Thanks! He is a five month old Salmon Favorelles.


----------



## Bee (Jun 20, 2013)

Kessy, that's going to make a pretty rooster! I love his coloring.


----------



## 7chicks (Jun 29, 2012)

Wow! He's gorgeous!!! There is someone about 40 minutes from me that has some pullets of the same breed. I've been debating on. Guy is charging $40 for them. Read up on them and all the reviews said they are a very friendly, docile breed.


----------



## kessy09 (Jun 16, 2013)

Bee said:


> Kessy, that's going to make a pretty rooster! I love his coloring.


Thanks Bee. He's a sweetie. So calm. I've read they make good flock masters because they have quite a vast size and are gentle yet diligent.


----------



## kessy09 (Jun 16, 2013)

7chicks said:


> Wow!
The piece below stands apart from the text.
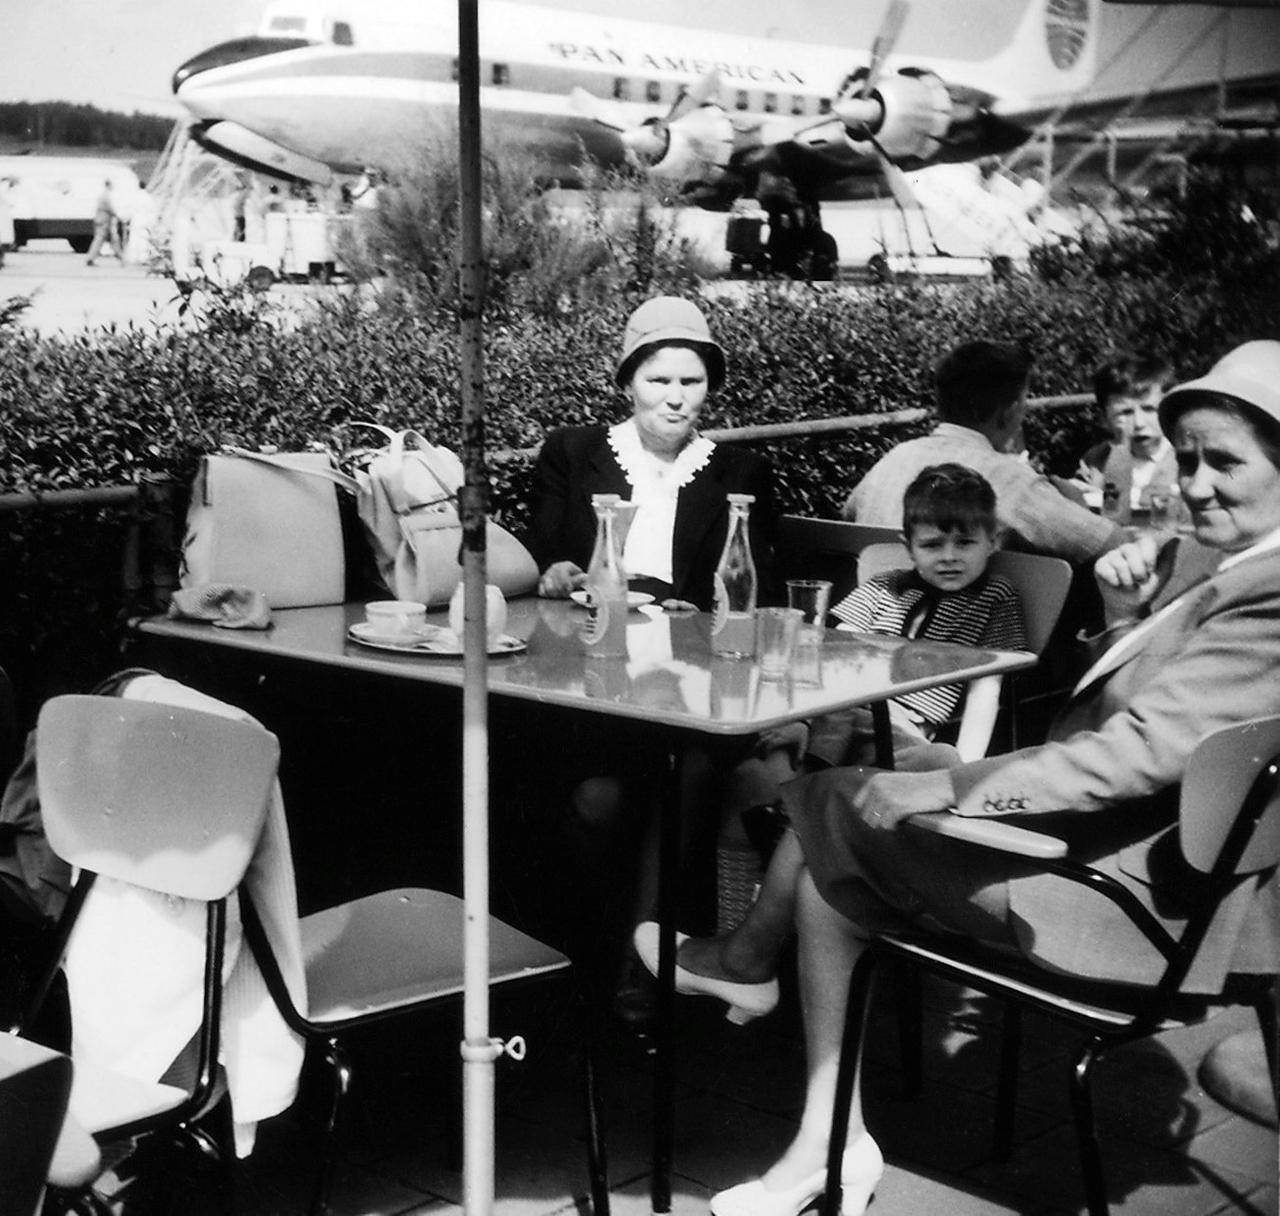 Gößweins Familie am Nürnberger Flughafen im Sommer 1961.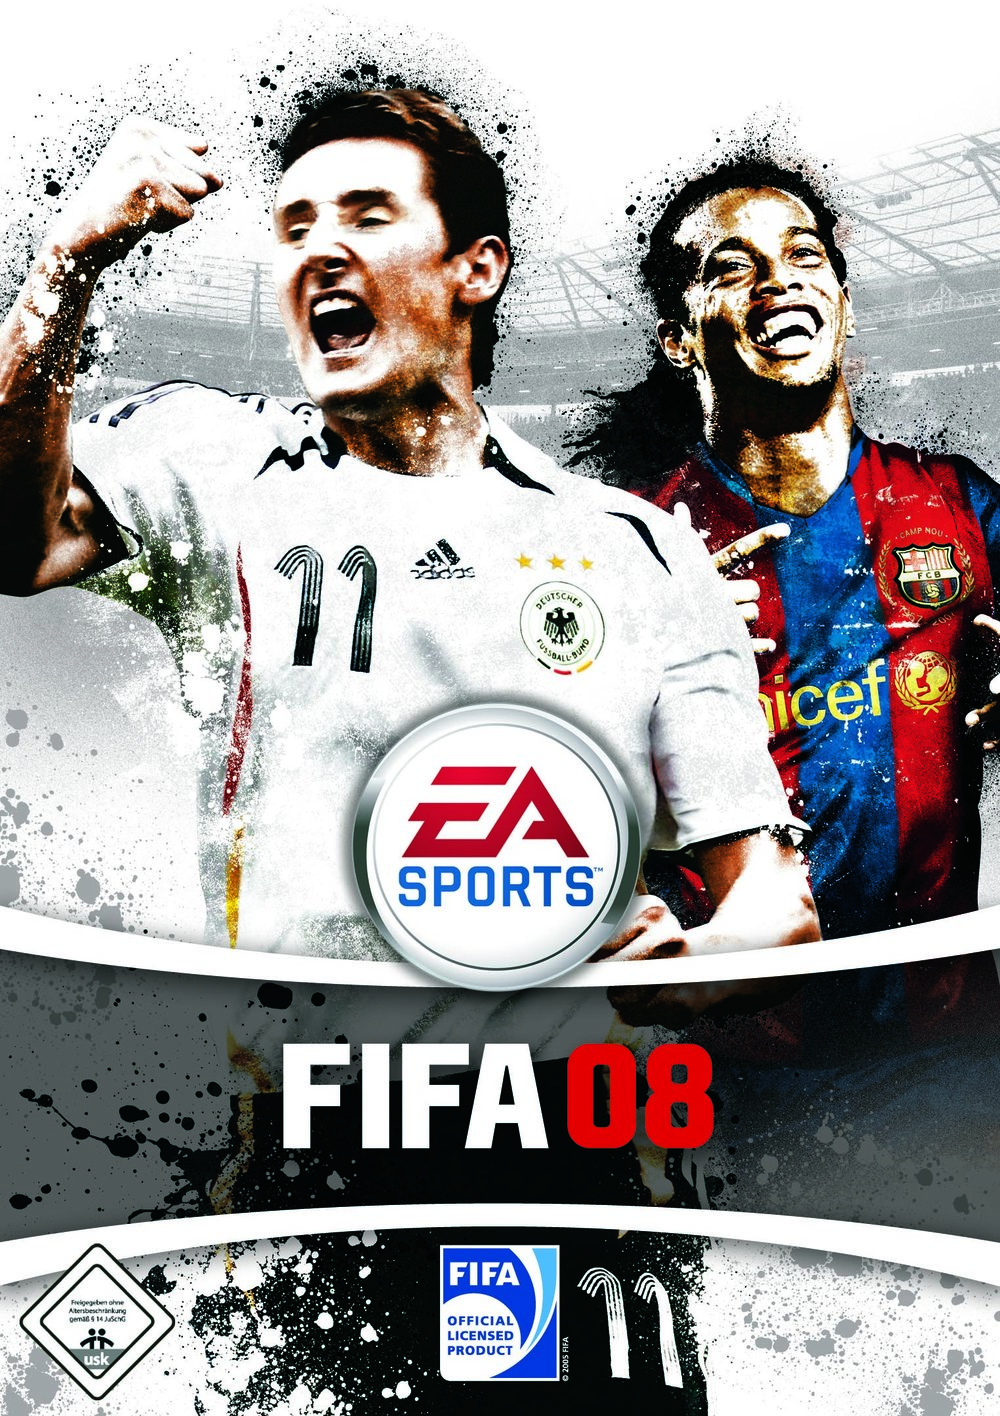 FIFA08genPFTger.jpg

He's gorgeous!!! There is someone about 40 minutes from me that has some pullets of the same breed. I've been debating on. Guy is charging $40 for them. Read up on them and all the reviews said they are a very friendly, docile breed.


Thanks! He was soooo hard to find and cost me and arm and a leg in transport fees! He was only $40 so I think if they are good quality then it's reasonable. The nine pullets that I already have are very calm and sweet but we have a few more aggressive types in our mixed flock so those girls pretty well just keep to themselves. They are always the last to get to the feed dish and the water/treats.


----------



## kessy09 (Jun 16, 2013)

Update: Rodney is now integrated into the rooster pen. The boys are all getting along and have had no issues. There's 15 in total and so far they've kinda split into three groups : the very passive ones (that includes Rod), then there are the more assertive ones, then there is the one big Wyandotte that is all alone in his group but he's the big boss. Everyone gets outta his way and he's the first to crow and first to feed dishes. 

Question: since they are separate with the girls, when I plan to breed next year will the boys "know what to do" right off the bat or will there be a lot of weeks of establishing introductions to the hens?


----------